Parallel mapreduce

There are two modes of evaluating a parallel mapreduce that vary only in the arguments that the mapping function accepts.

Iterated zip, where one element from the zipped iterators is splatted and passed as arguments to the mapping function. In this case the function must accept as many arguments as the number of iterators passed to mapreduce. This is analogous to a serial mapreduce
Non-iterated product, in which case the iterator product of the arguments is distributed evenly across the workers. The mapping function in this case should accept one argument that is a collection of Tuples of values. It may iterate over the argument to obtain the individual Tuples.
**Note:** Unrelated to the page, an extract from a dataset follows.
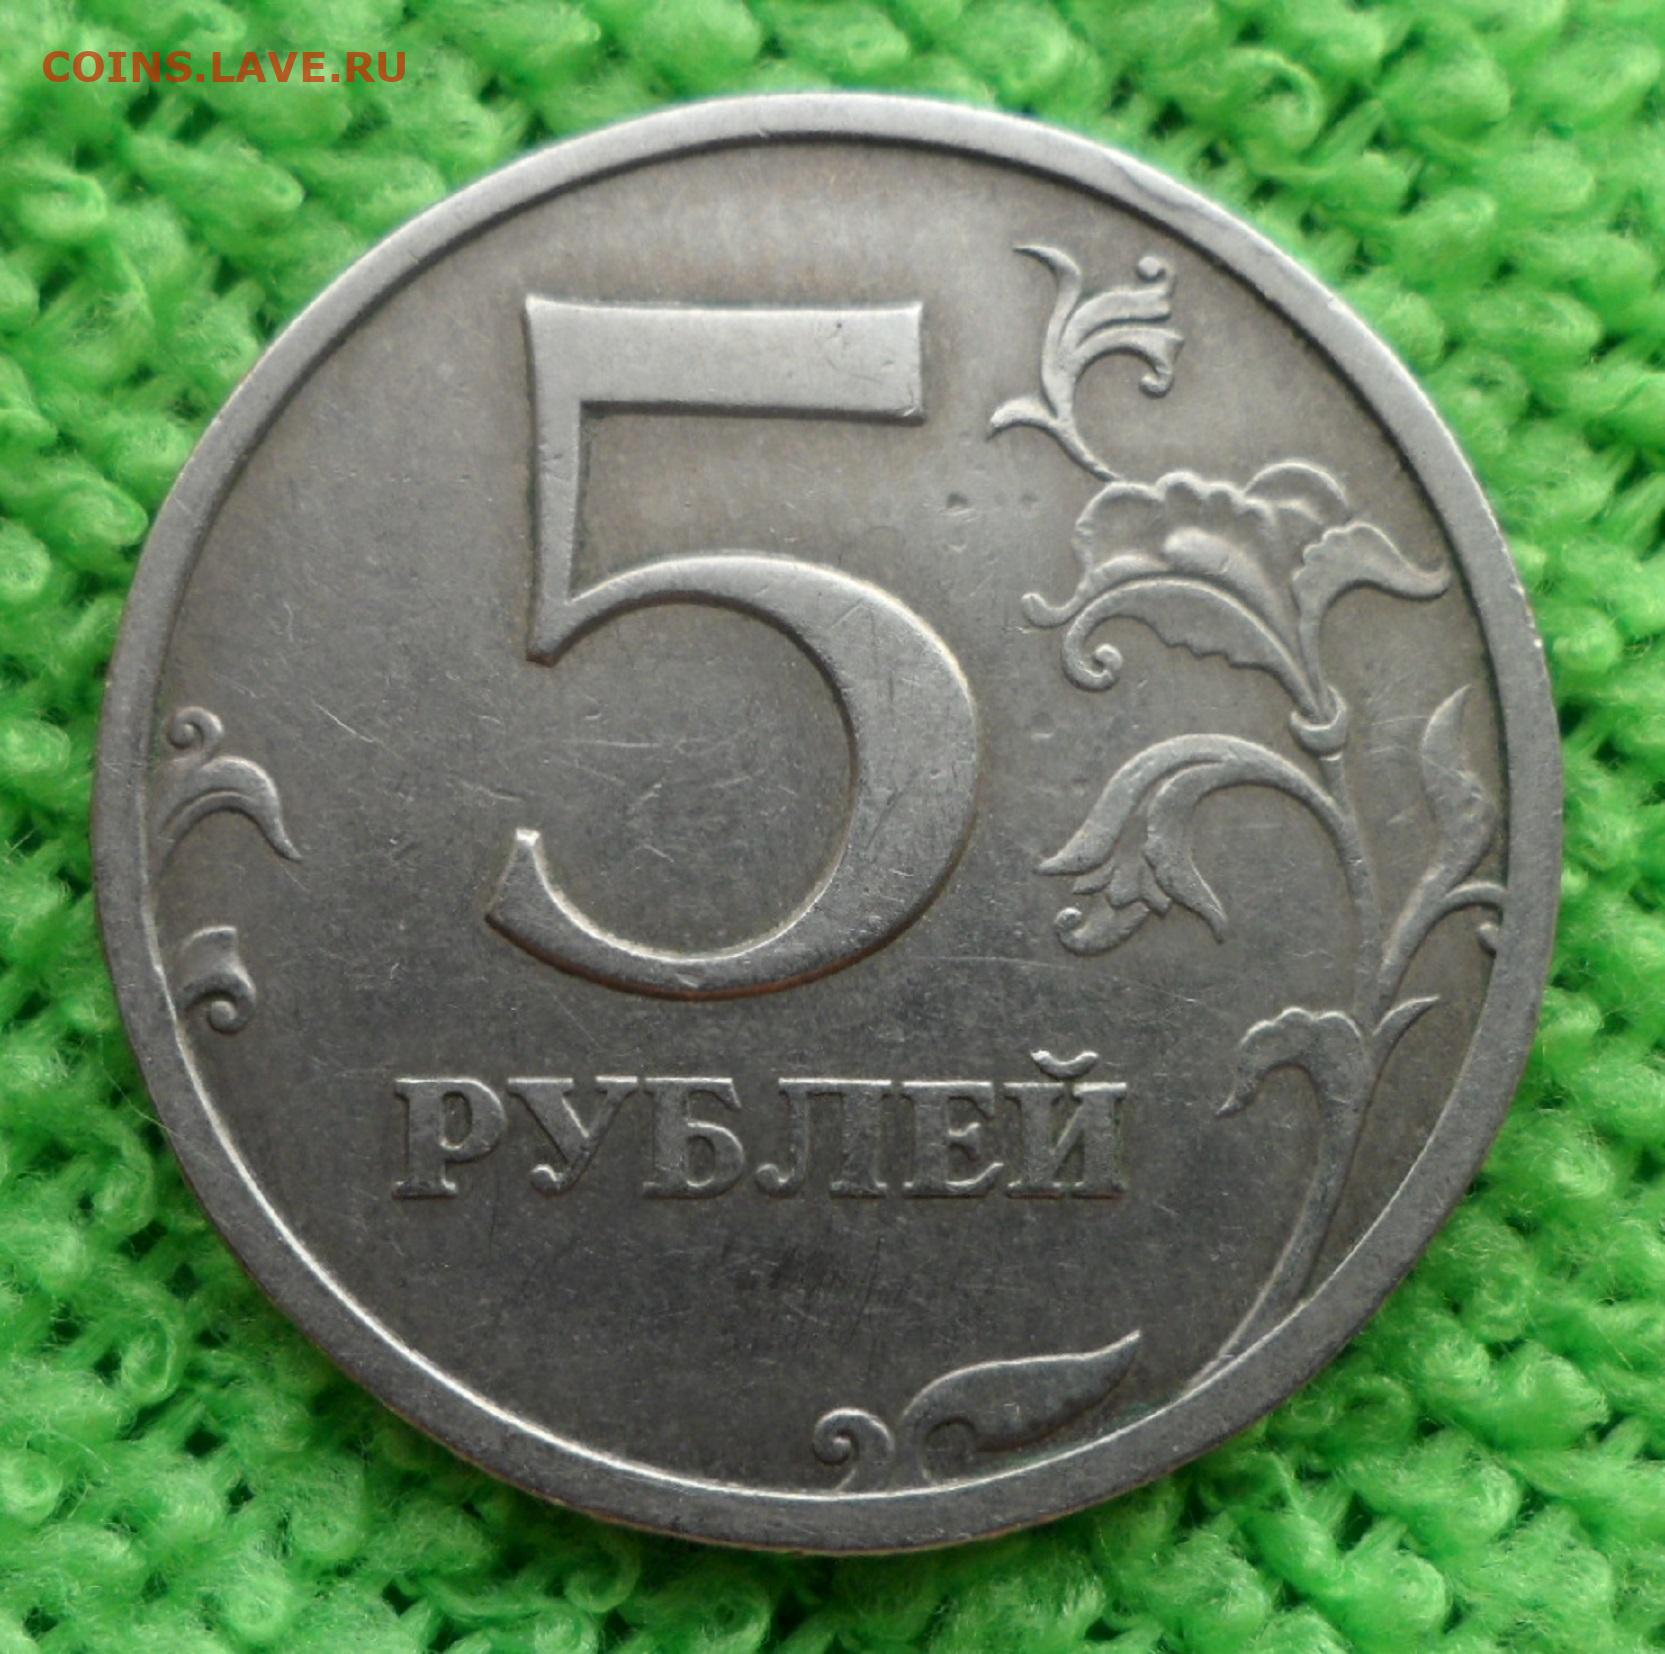 Россия 5 рублей 1997. 5 Рублей 1997г. 5 Рублей 1805.

Each process involved in a pmapreduce operation carries out a local mapreduce, followed by a reduction across processes. The reduction is carried out in the form of a binary tree. The reduction happens in three stages:

A local reduction as a part of mapreduce
A reduction on the host across the workers on the same host. Typically on an HPC system there is an independent reduction on each node across the processes on that node.
A global reduction across hosts.

The reduction operator is assumed to be associative, and reproducibility of floating-point operations is not guaranteed. For associative reductions look into various mapfold* methods provided by other packages, such as Transducers. The reduction operator is not assumed to be commutative.
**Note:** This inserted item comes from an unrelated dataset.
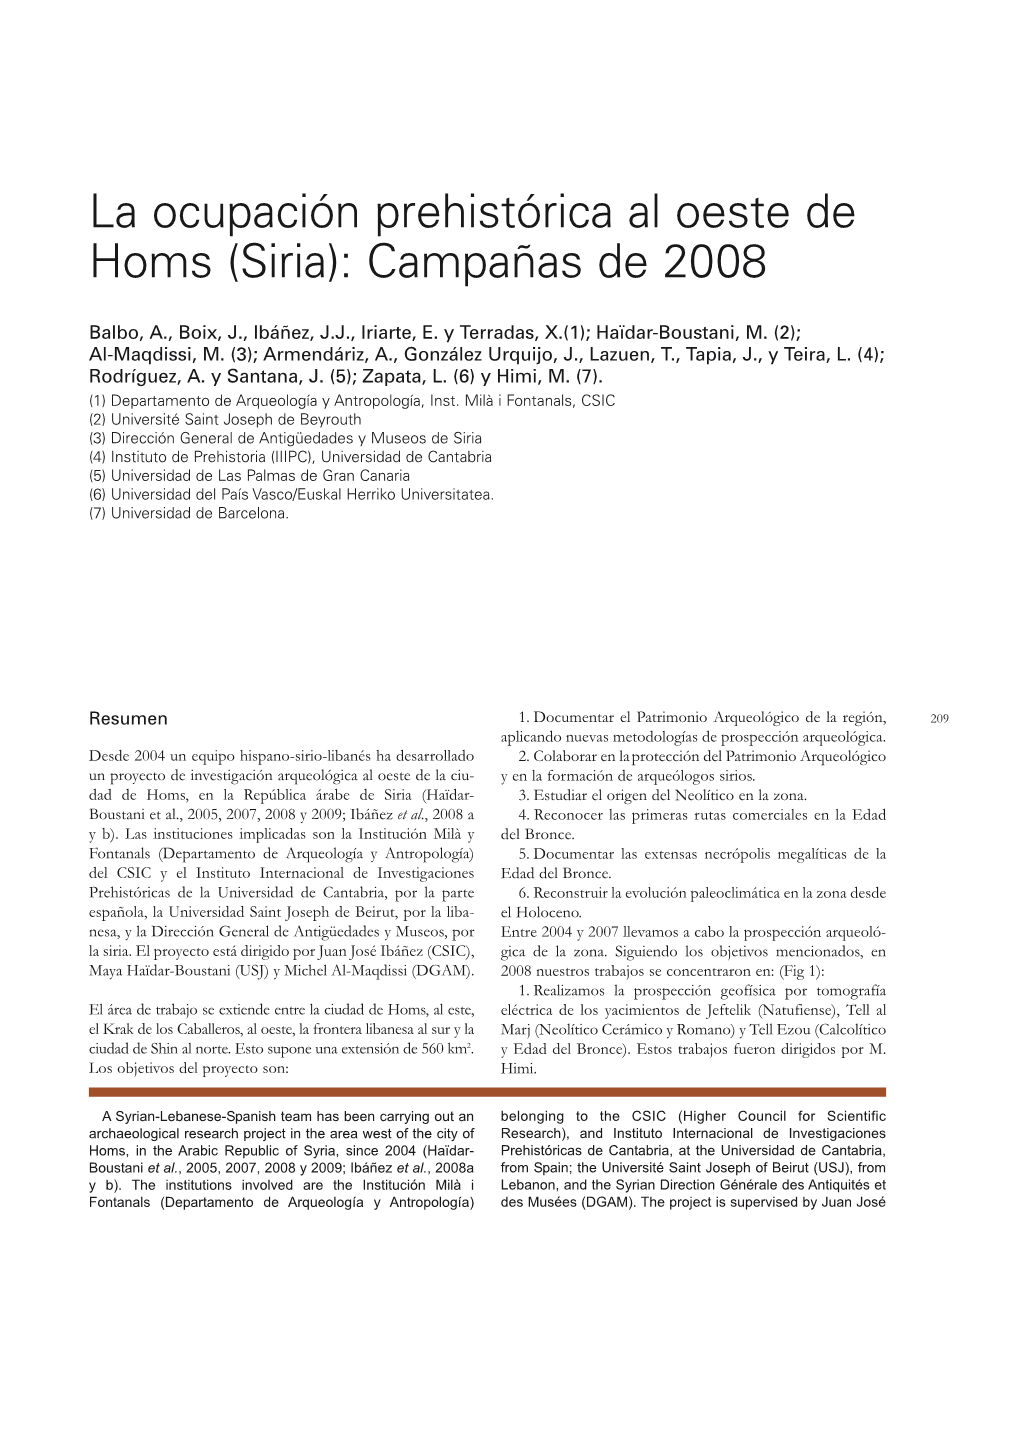 Terradas-2009-La Ocupación Prehistórica Al Oeste De Homs. Campañas De 2008.Pdf

A pmapreduce might only benefit in performance if the mapping function runs for longer than the communication overhead across processes, or if each process has dedicated memory and returns large arrays that may not be collectively stored on one process.

Iterated Zip

The syntax for a parallel map-reduce operation is quite similar to the serial mapreduce, with the replacement of mapreduce by pmapreduce.

Serial:

julia> mapreduce(x -> x^2, +, 1:100_000)
333338333350000

Parallel:

julia> pmapreduce(x -> x^2, +, 1:100_000)
333338333350000

We may check that parallel evaluation helps in performance for a long-running process.

julia> nworkers()
2

julia> @time mapreduce(x -> (sleep(1); x^2), +, 1:6);
  6.079191 seconds (54.18 k allocations: 3.237 MiB, 1.10% compilation time)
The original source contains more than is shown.